Walking with sciatica, (in around 500 words and one photograph), part 8.

On Twitter, every Monday night between 7.30 and 8.30 is #dorsethour.  With over 10,000 followers #dorsethour is a frantic hour of local networking.  Want to ask a question?  Want to find a business, promote your business, advertise an event? Then #dorsethour is a good place to start.

On Saturday I visited friends near Templecombe.  By foot from Marhull, the way I went, you pass a beautiful three tiered weir in the middle of a field with no apparent reason for being there.  The farmer said it was built during the second world war to help drain nearby Henstridge airfield, but its position and water flow direction didn’t make sense of that, to me.

I crossed the A30 Sherborne/Shaftesbury road close to the bridge over the river Cale.  There are two large lay-byes nearby.  One was spotless, the other littered with litter.  I found the Gartell family built Light Railway.  Open on only eight days this year, adult tickets are £7.50, under 14’s £4 and under 3’s free.  There is unlimited travel on the day of issue.  (Worth a google for a potential day out with the family).

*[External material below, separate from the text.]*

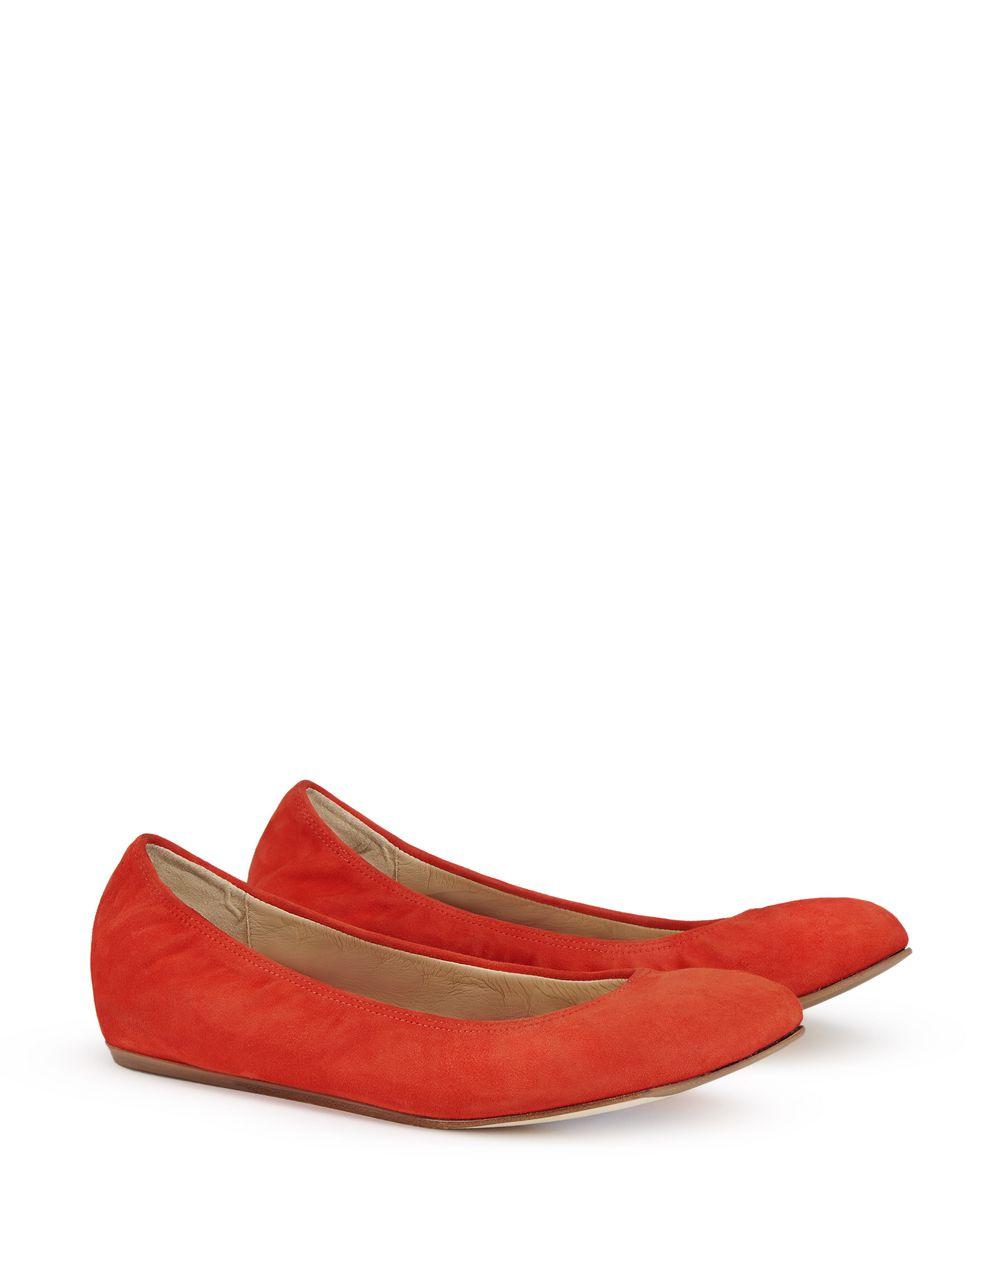 CLASSIC POPPY BALLET FLAT - Lanvin

We saw two emerging bluebells in Martin’s Copse and then I returned back overland via back lanes littered with age old cans and bottles.

Yesterday’s walk was a great hike from Marnhull back to Milton Abbas.  Printing maps off the internet is not really the way to go.  I got lost several times and ended up travelling more on back lanes than bridleways for fear of missing my deadline of sundown.  The plaque on Sturminster Newton bridge warns the public not to harm it.  Those prosecuted for criminal damage would face transportation!

Up over glue hill, down Hewletts Drove and annoyingly unable to follow on through Gypsy Drove due to old and decrepit farm machinery blocking the way.  I walked past Bill’s bench, by-passed the village of Fifehead Neville, walked up Crate Hill, discovered the name of a village called ‘Droop’ and then walked through Wooland.

The trek along a sheep track by the side of the steep road up to Bulbarrow hill at a height of 274 metres was a struggle but afforded fine views, the discovery of a great wild camping spot, catching sight of one of two foxes of the day, and a quick exchange of words with a cyclist in first gear, going up!

Dropping down the other side I followed the road, past 5 bags of discarded Tennants lager cans, past the beech tree woods of Delcombe Wood and down Cuckoo Lane into Hilton and then onto a delightful one and three quarter mile footpath with accompanying brook to Milton Abbas School.  I skirted the school and ended up in the Hambro Arms pub for a coffee, five and a half hours after having left Marnhull which I thought was pretty good.  And I easily made my deadline of sundown.

This short piece was supposed to instill interest in advertising on my website but I’ve run out of word space.  That’ll have to be on the next post, post 9.

(And for those that read post 7, the number of cars I estimated to pass Clackets Lane service station on the M25 motorway in 24 hours on a day in April 2011, (with my clicker gizmo), was 250,000.  This doesn’t seem to be too far out as numbers given for passing London’s Heathrow Airport on an April day in 2003-was 196,000).

(586 words).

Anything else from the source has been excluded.